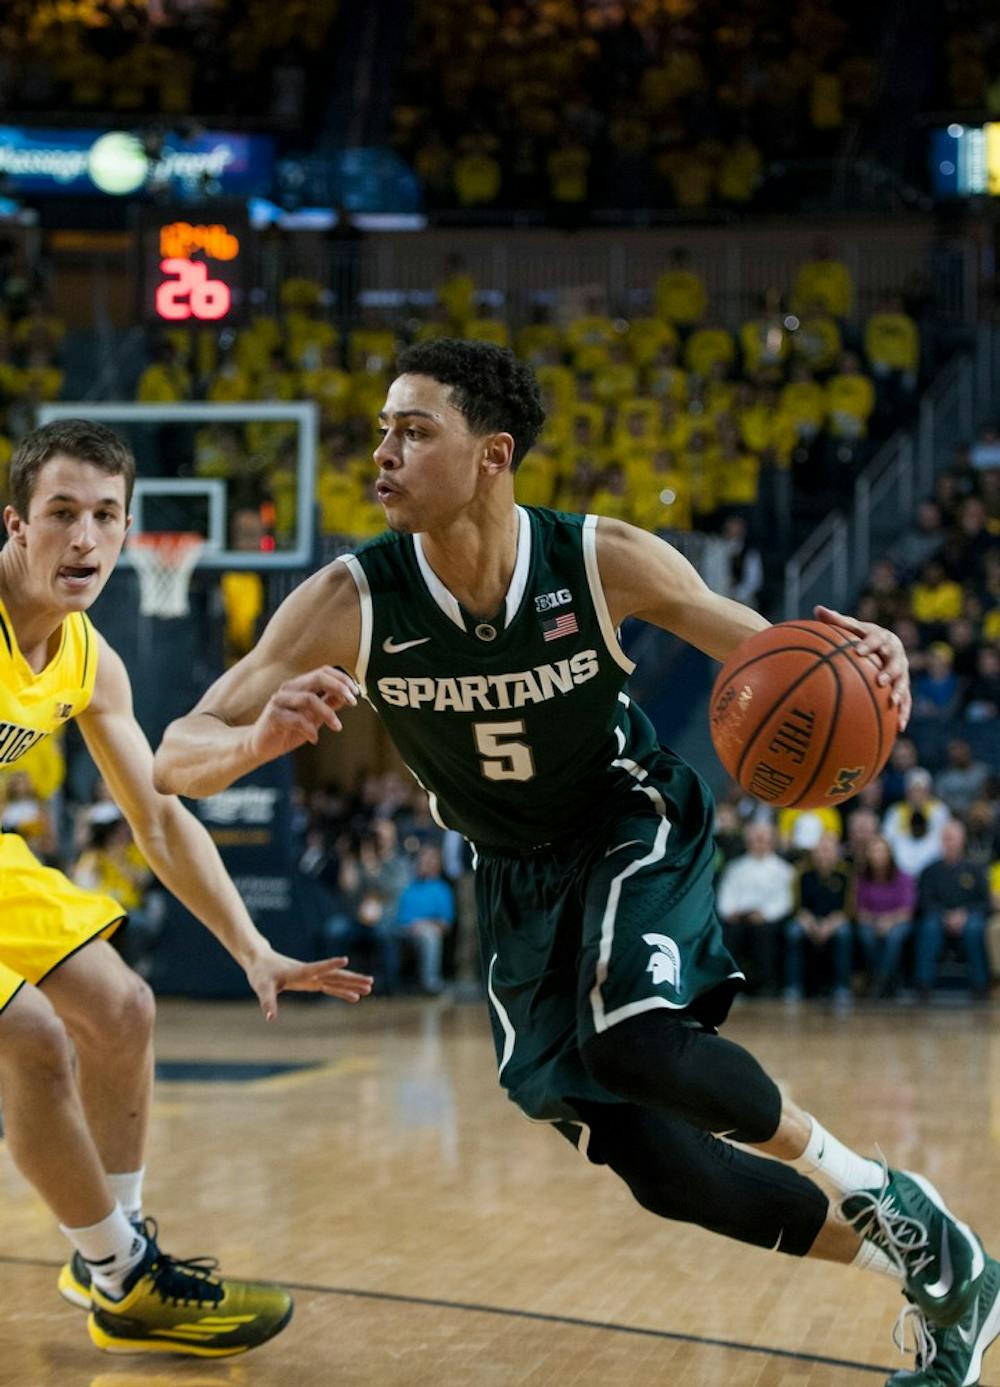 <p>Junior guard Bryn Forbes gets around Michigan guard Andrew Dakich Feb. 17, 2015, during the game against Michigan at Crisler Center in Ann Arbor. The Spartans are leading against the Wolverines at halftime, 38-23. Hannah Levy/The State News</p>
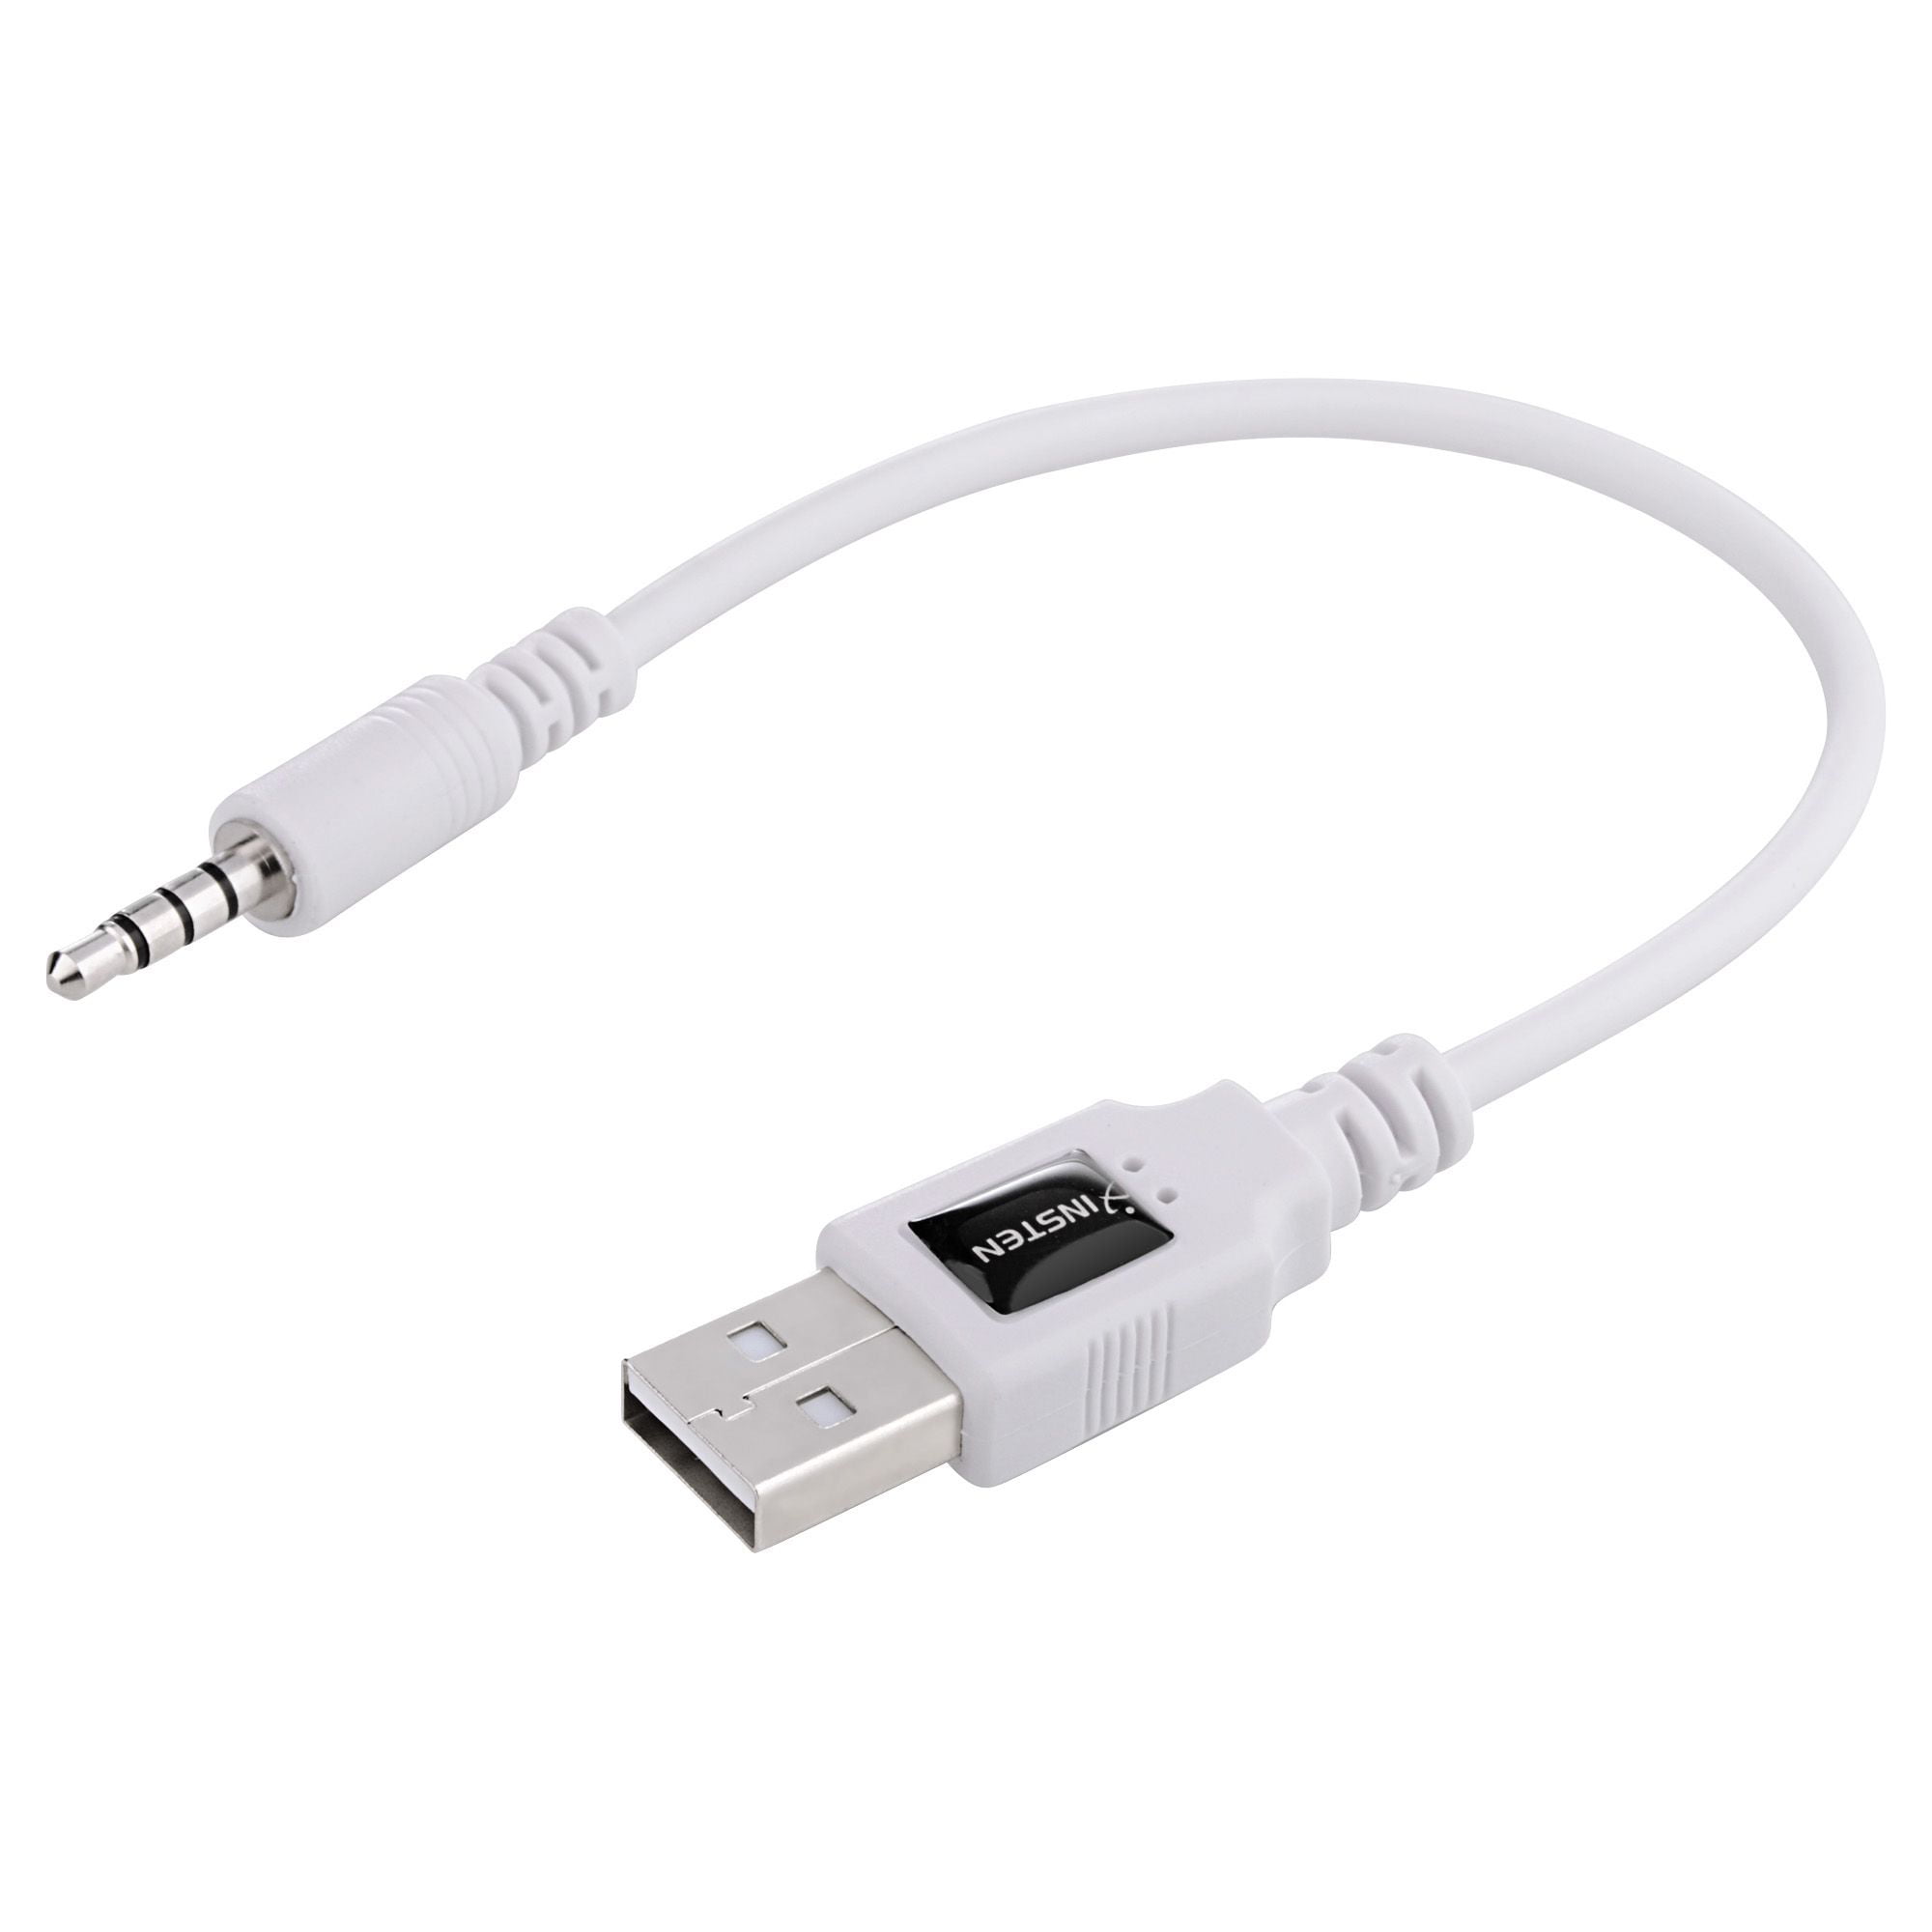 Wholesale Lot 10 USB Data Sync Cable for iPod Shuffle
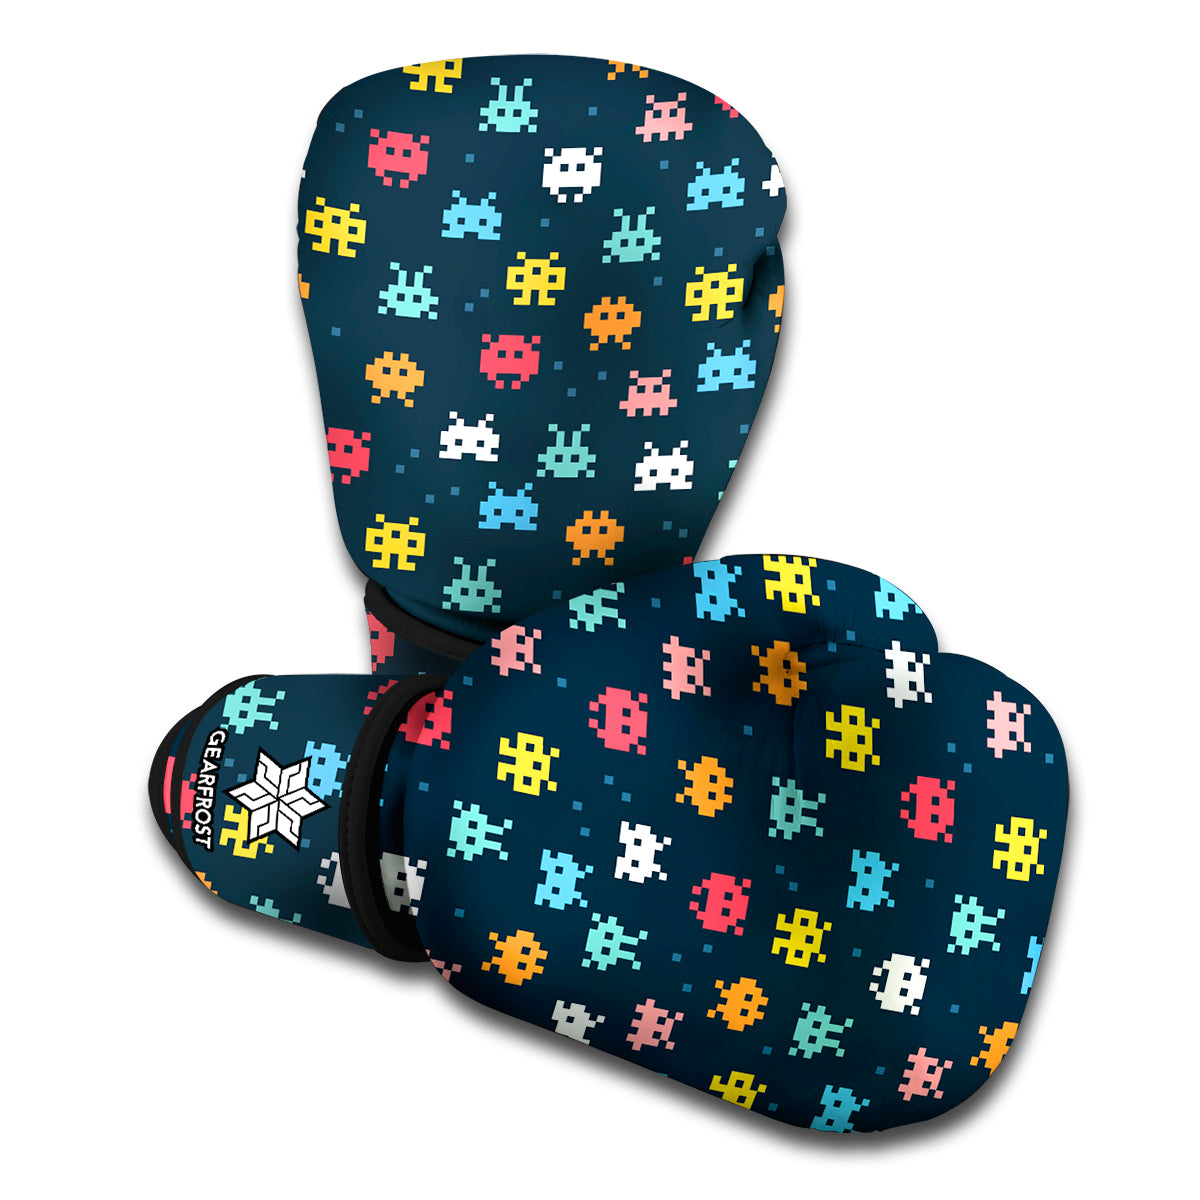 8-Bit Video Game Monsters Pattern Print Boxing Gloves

Exercise directions: All that belongs in the answer is the exact run of lines from the line containing "Wholesale Lot 10" to the end of the listing above, pictures removed.

Exercise answer:
 Wholesale Lot 10 USB Data Sync Cable for iPod Shuffle
 8-Bit Video Game Monsters Pattern Print Boxing Gloves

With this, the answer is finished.